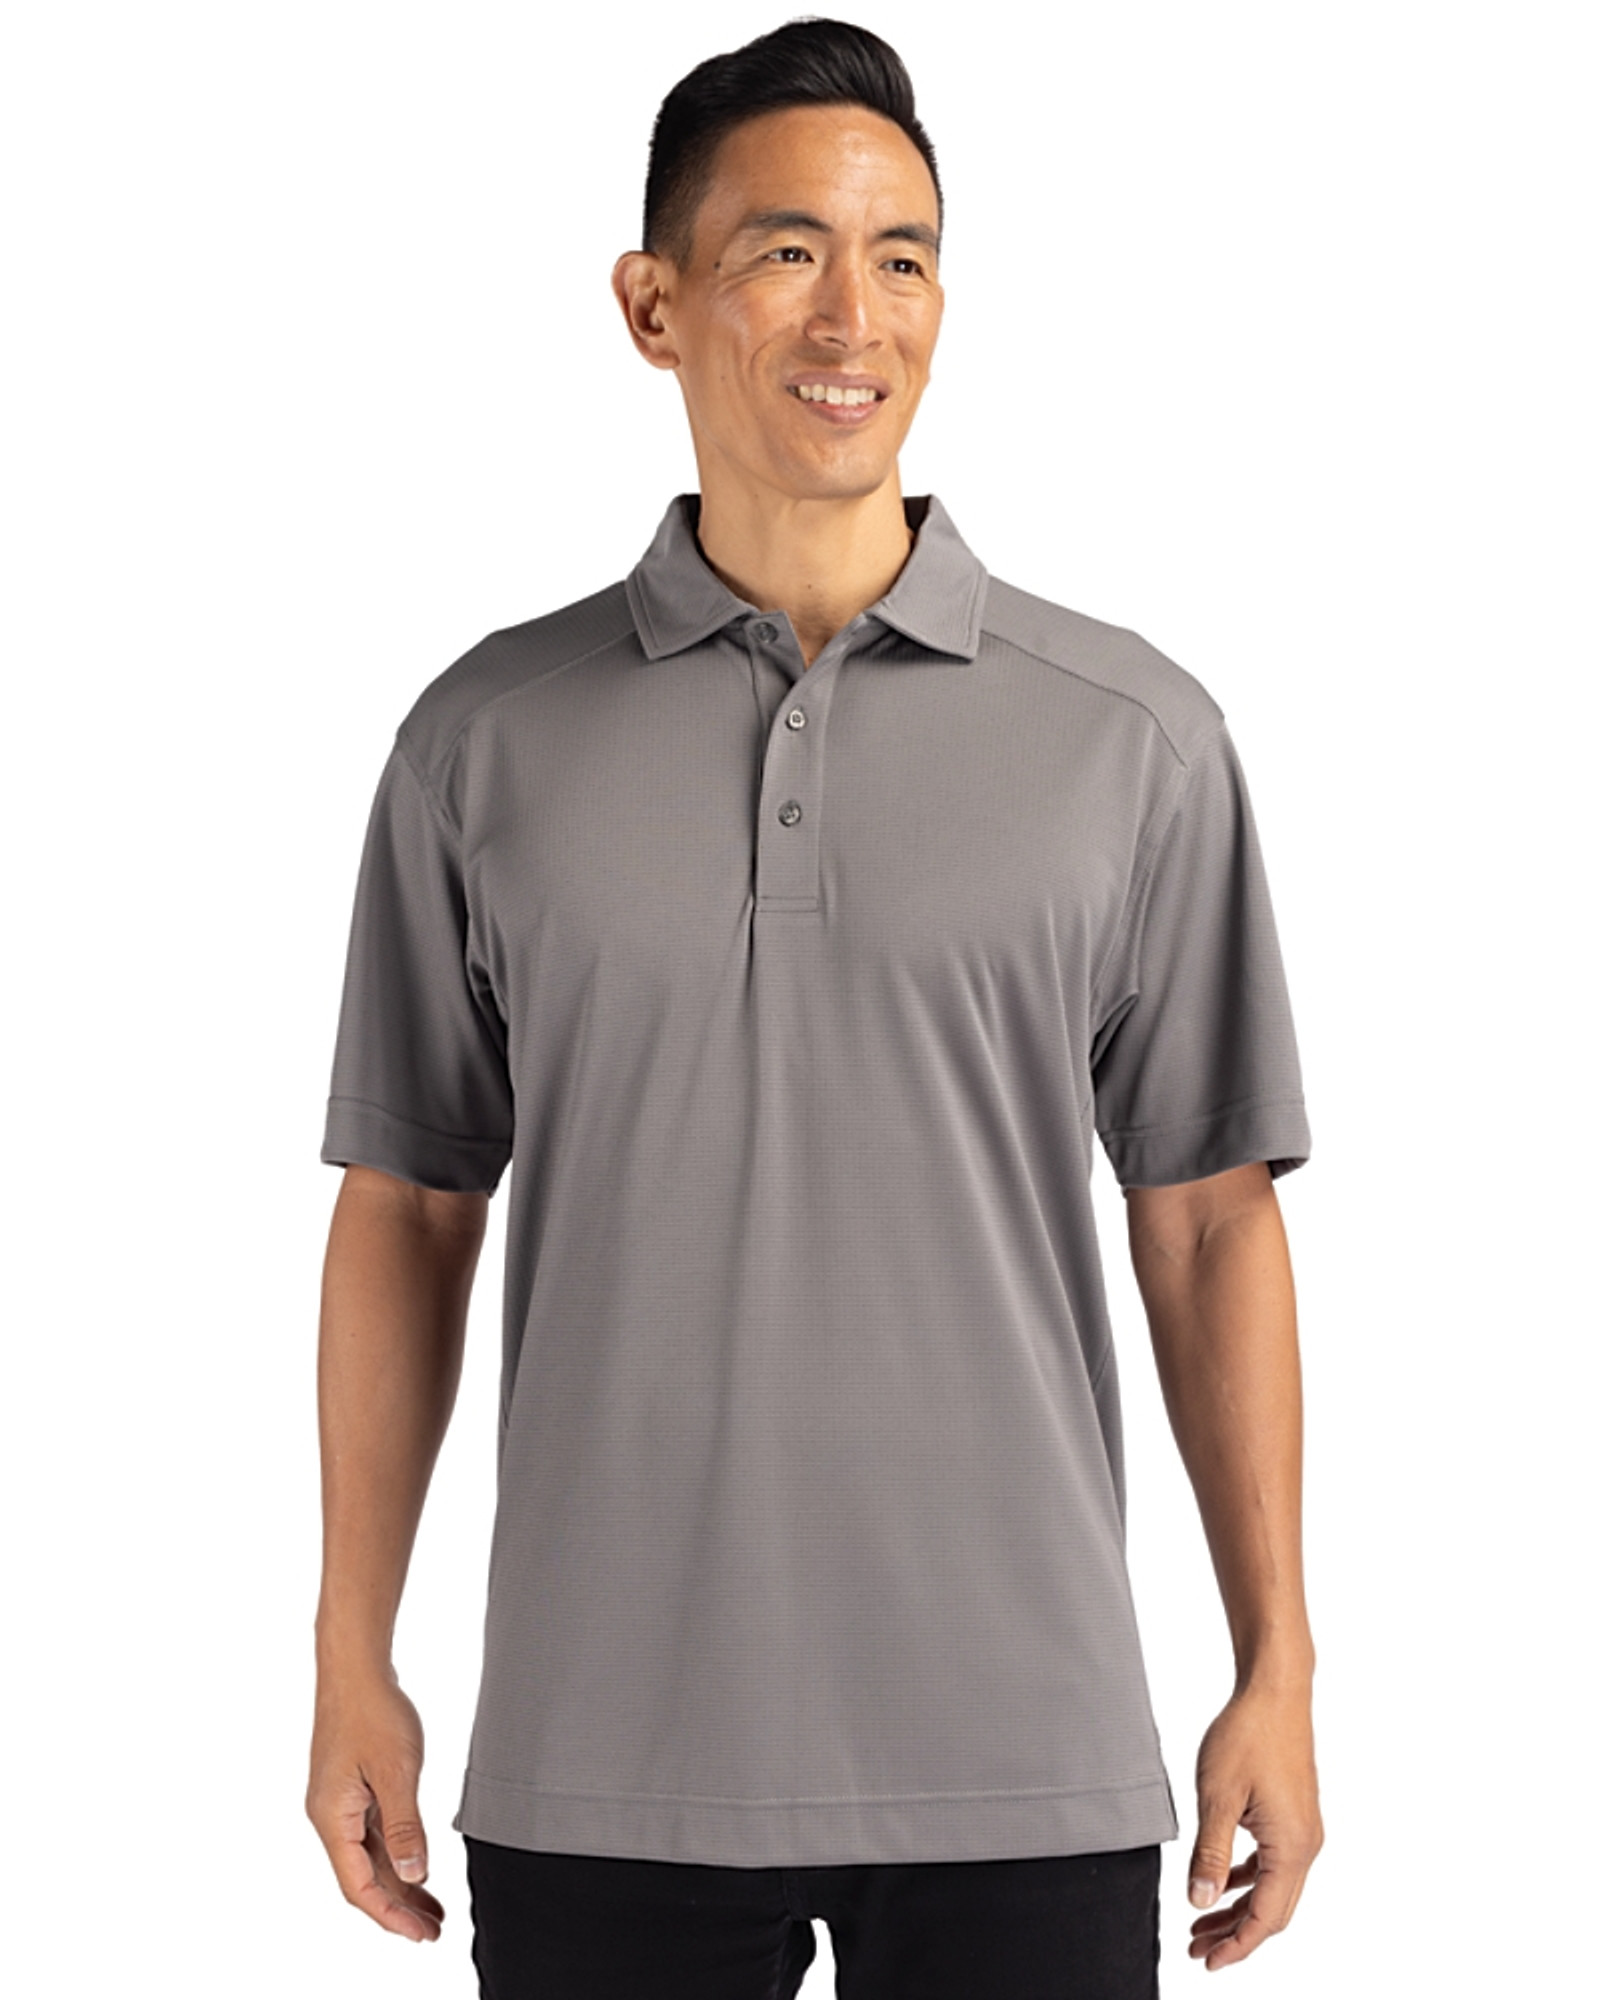 Chicago Cubs Golf Polo Shirt Performance Cool dry MENS unisex MEDIUM
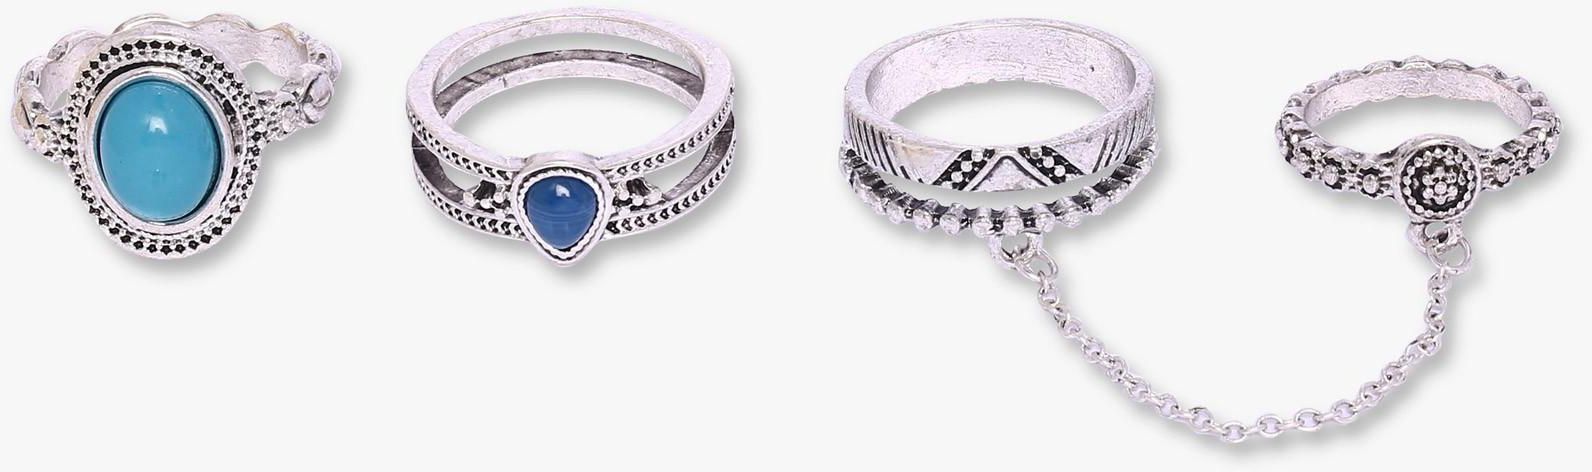 Silver Tandoori Ring Set
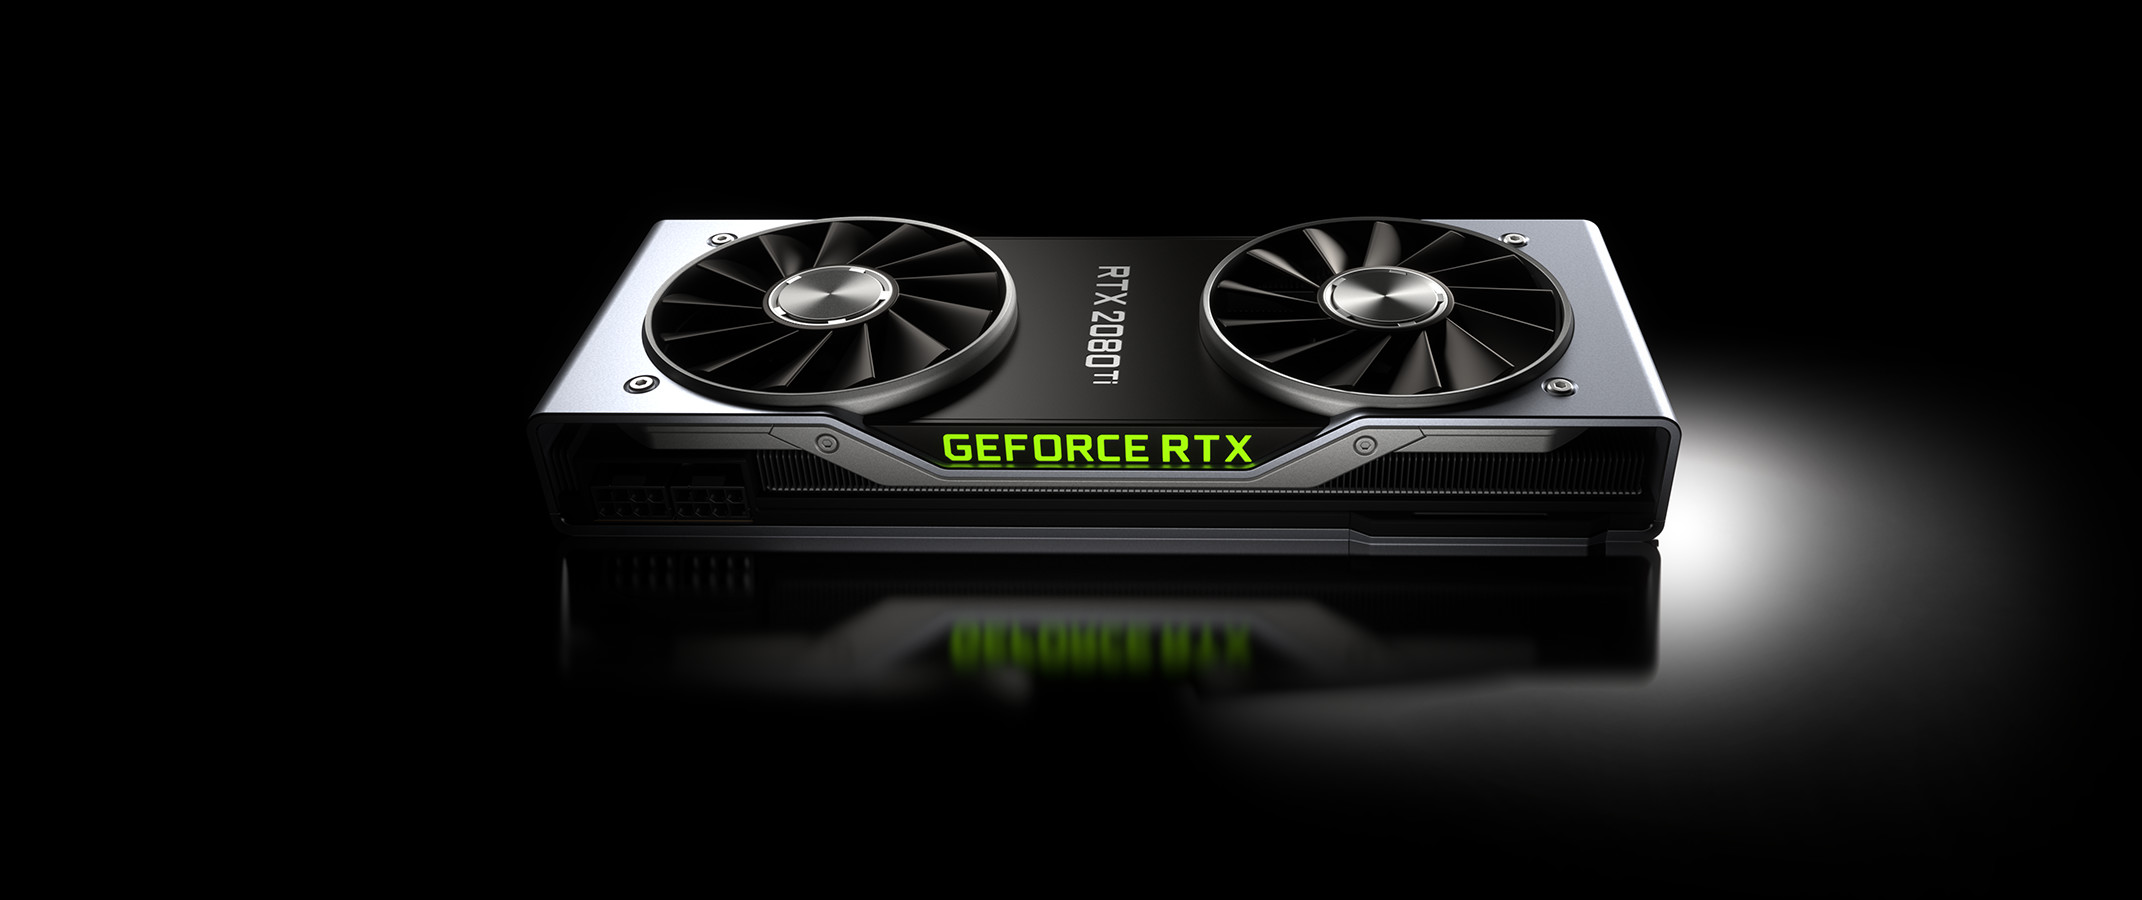 NVIDIA GeForce RTX 20

WORK TASK: For this step, transcribe all the material above exactly and drop the images.

RESPONSE FOR THIS EXERCISE:
 Chicago Cubs Golf Polo Shirt Performance Cool dry MENS unisex MEDIUM
 Silver Tandoori Ring Set
 NVIDIA GeForce RTX 20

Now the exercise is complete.